In other words, we face at least two months of decent liquidity. These two months will manily be influenced by the U.S. Election.
In a recent report, Deutsche Bank highlights its views for the rest of the trading year. Considering that it is running one of the largest research departments in the world, it is worth having a look at what it has to say.
Deutsche sees the crude oil price having a modestly bullish bias heading to the end of the year. The argument behind it is that the inventories are likely to decline as demand picks up. Also, the modest but steady recovery in the price of oil should extend into the next year as well.
The ECB is seen as easing in December, not in October, as many would think after this week’s German, French and Italian inflation data. If we put the data together and try to anticipate the impact on Friday’s HICP, the core inflation might drop even more, possibly to +0.2% or lower.
The ECB will likely ease in October instead of waiting until December, but it may use the October meeting to warm-up the markets and just send a dovish signal.
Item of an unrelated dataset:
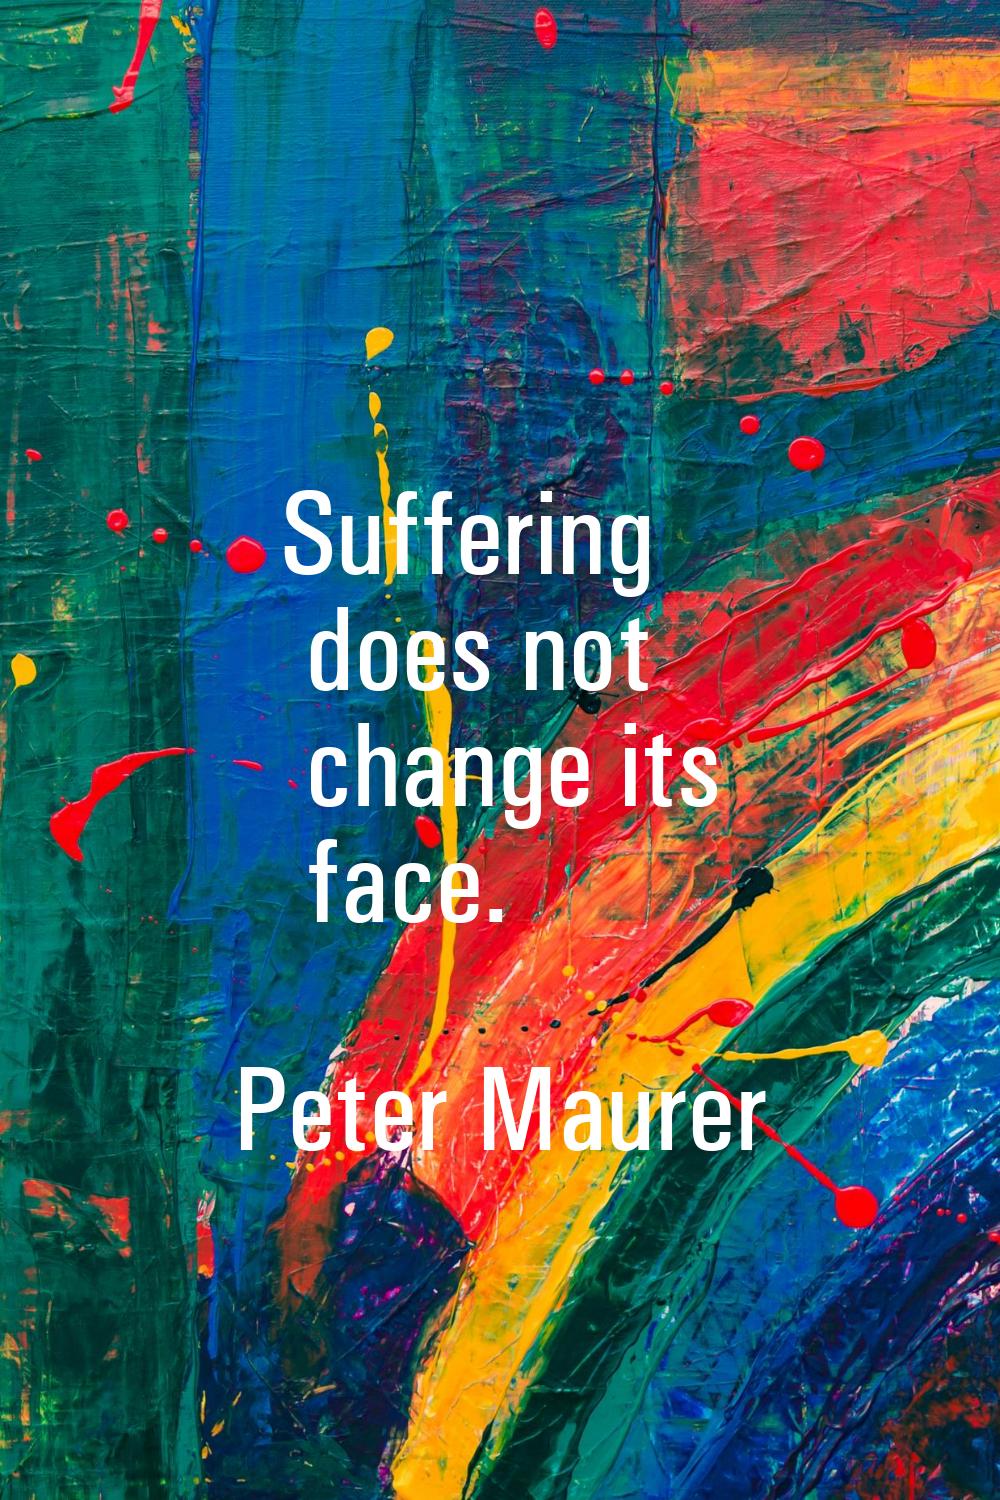 Suffering does not change its face.

Surprisingly, Deutsche Bank sees further easing from the Bank of England in November. This time, the BOE is seen as adding an extra GBP60 billion in November to its quantitative easing program. Interestingly enough, it may just be a step towards negative rates – a move likely to come only in the event of a hard Brexit.
Finally, Deutsche Bank sees the EURUSD exchange rate at 1.20 at the end of 2020, 1.25 at the end of 2021, and 1.30 at the end of 2022. Something has to change on either side of the Atlantic for the EURUSD to move that much without meeting the ECB’s dovish commentary.
Could it be the outcome of the upcoming U.S. election?